HUNTSVILLE, Texas (AP) — A Texas death row inmate who sued unsuccessfully to try to halt his execution, arguing that more DNA testing needed to be done, is now trying to convince the U.S. Supreme Court to stop the punishment
HUNTSVILLE, Texas (AP) — A Texas death row inmate who sued unsuccessfully to try to halt his execution, arguing that more DNA testing needed to be done, is now trying to convince the U.S. Supreme Court to stop the punishment scheduled for Thursday.
Robert Pruett was already serving 99 years for a neighbor’s killing when he was convicted in the death of a prison guard who was stabbed in an attack that prosecutors say stemmed from a dispute over a peanut butter sandwich. Pruett wanted to take the sandwich into a recreation yard against prison rules, they said. An autopsy showed corrections officer Daniel Nagle died of a heart attack brought on by the December 1999 stabbing.
Pruett, 38, has insisted he’s innocent of Nagle’s death at the McConnell Unit near Beeville, about 85 miles (136 kilometers) southeast of San Antonio. He would become the sixth prisoner executed this year in Texas, which carries out the death penalty more than any other states.

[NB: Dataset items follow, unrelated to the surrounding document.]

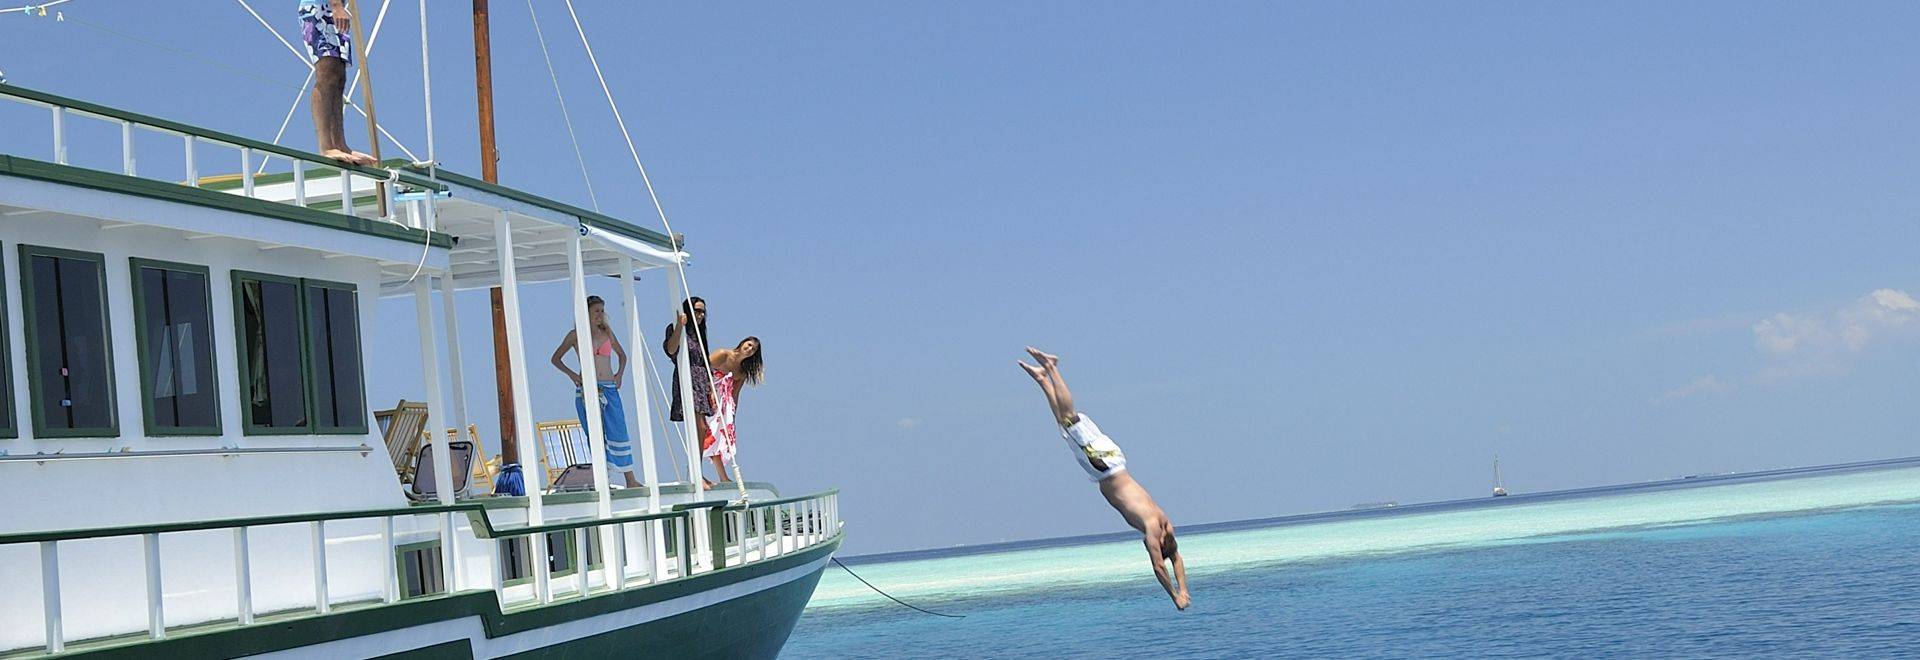 Maldives Sailing Boat Gahaa Diving Travellers-Voyage Maldives 2013-IMG1035 Lg RGB.jpg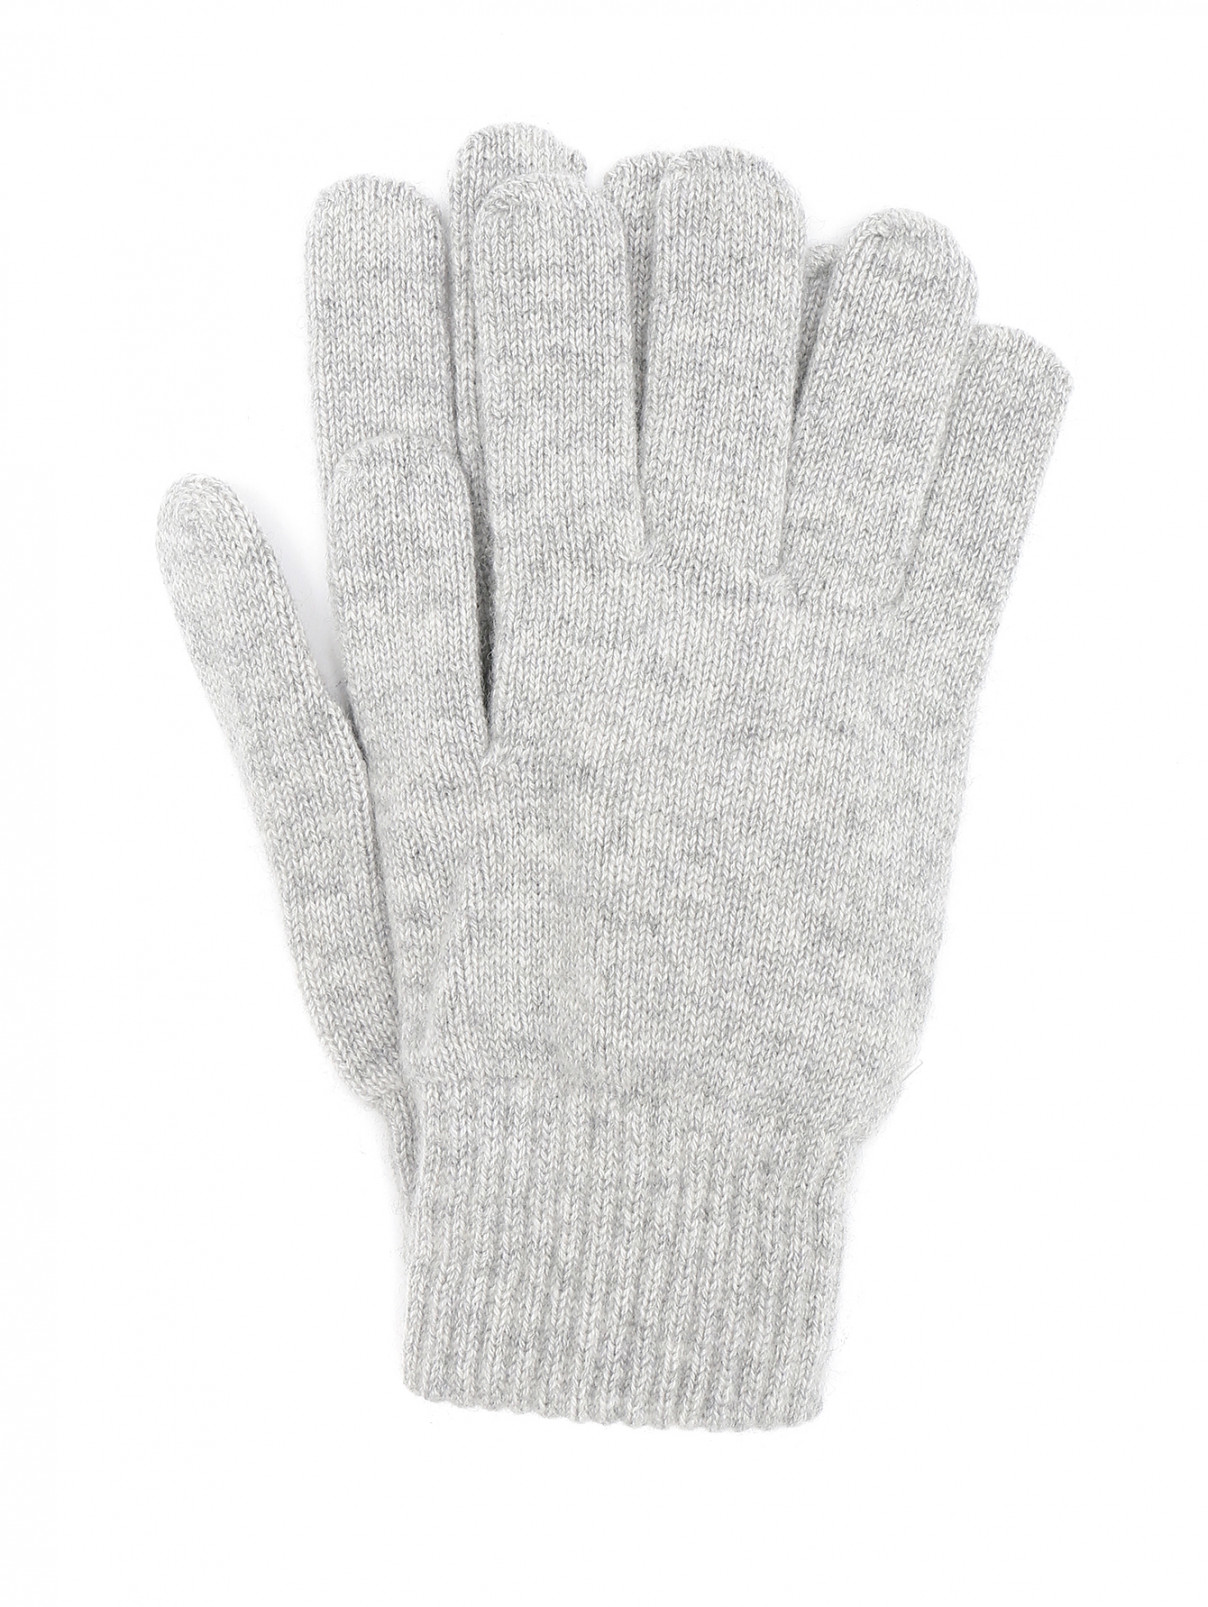 Перчатки из кашемира мелкой вязки Kangra Cashmere  –  Общий вид  – Цвет:  Серый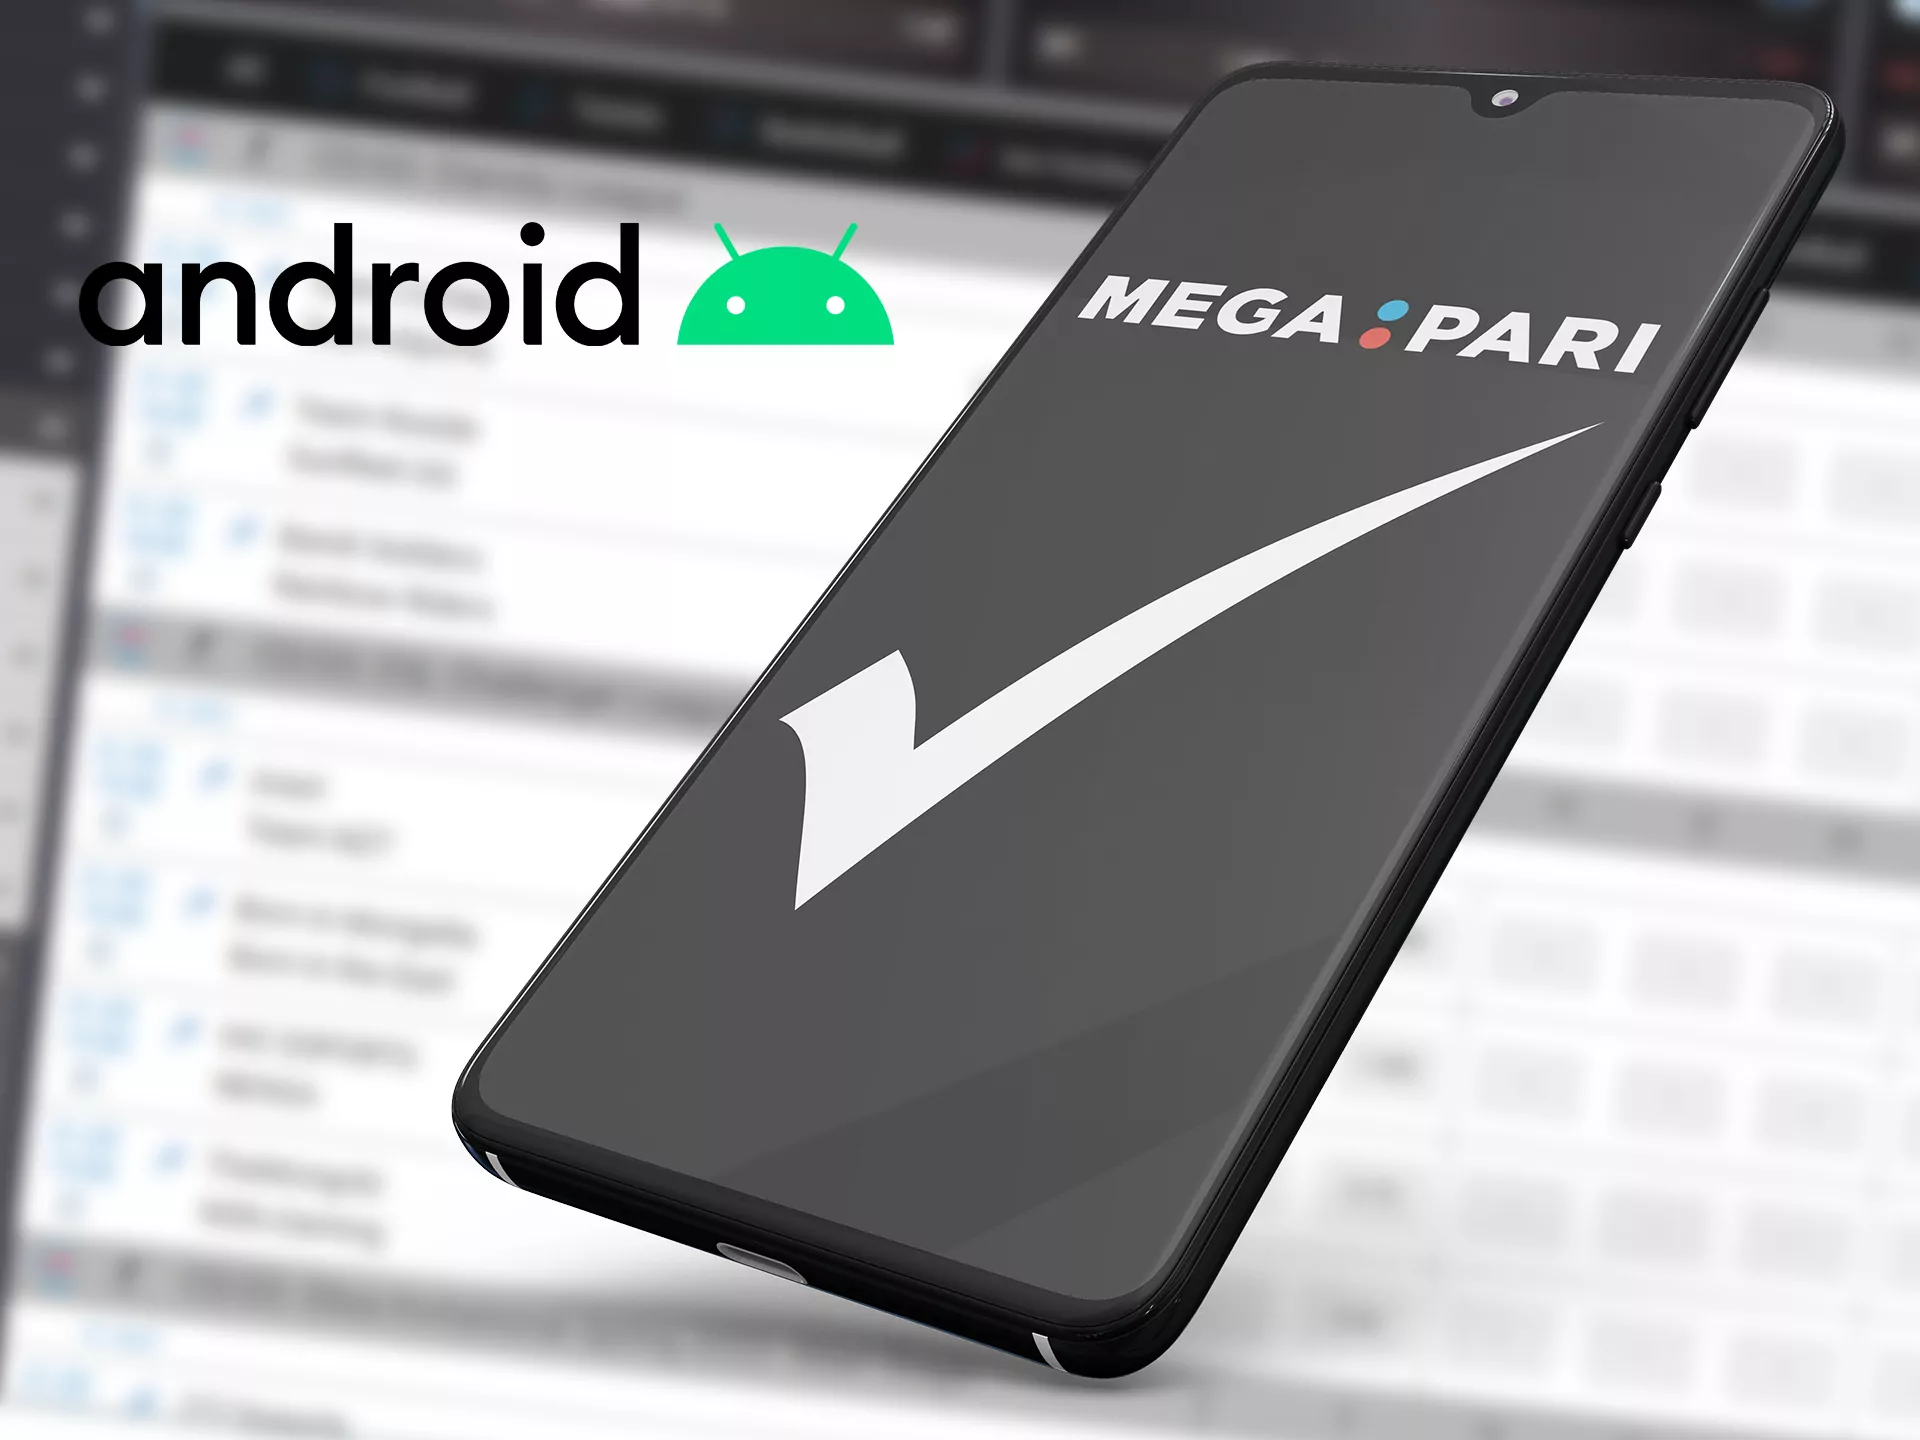 Install the Mega Pari app.

Texas executed a total of seven inmates last year.
Pruett avoided execution in April 2015 when a state judge halted his punishment just hours before he could have been taken to the death chamber. His lawyers had convinced the judge that new DNA tests needed to be conducted on the tape-wrapped, 7-inch sharpened steel rod used to repeatedly stab the 37-year-old Nagle. The new tests showed no DNA on the tape but uncovered DNA on the rod from an unknown female who authorities said likely handled the shank during the appeals process after the original tests in 2002. The execution was put on the schedule again.
After seeking even more DNA testing and being rejected by the courts, Pruett’s attorneys filed a federal civil rights lawsuit in August in which they argued that the courts denied Pruett due process. The lawyers asked the federal courts to halt the rescheduled execution, allow the additional DNA testing and then check the results for matches in law enforcement databases.
Last week, the 5th U.S. Circuit Court of Appeals rejected the lawsuit. But Pruett’s attorneys appealed to the U.S. Supreme Court on Tuesday, arguing that a lower court judge wrongly rejected the case after sitting on it for two months.
In a second appeal to the Supreme Court, also filed on Tuesday, the attorneys asked the high court to revisit the question of whether it is constitutional to execute a prisoner who claims actual innocence in federal court because of newly discovered evidence after exhausting all other appeals. Supreme Court justices in 1993 ruled 6-3 in a Texas case that it was constitutional to do so.
State attorneys say Pruett’s lawyers have long engaged in “a pattern of delay.”
No physical evidence tied Pruett to Nagle’s death. At his 2002 trial, prisoners testified that they saw Pruett attack Nagle or heard him talk about wanting to kill the guard. According to some of the testimony, he talked about possessing a weapon as well.
Pruett has said he was framed and that Nagle, an officer for more than three years, could have been killed by other inmates or corrupt officers at the McConnell Unit.
“I never killed nobody in my life,” Pruett testified at his trial. He said he was in a gym when he learned the officer had been stabbed.
Pruett’s 99-year murder sentence that he was already serving was for participating at age 15 with his father and a brother in the 1995 stabbing death of a 29-year-old neighbor, Raymond Yarbrough, at the man’s trailer home in Channelview, just east of Houston. Pruett’s father, 70-year-old Howard Pruett, is serving life in prison. His brother, 47-year-old Howard Pruett Jr., was sentenced to 40 years.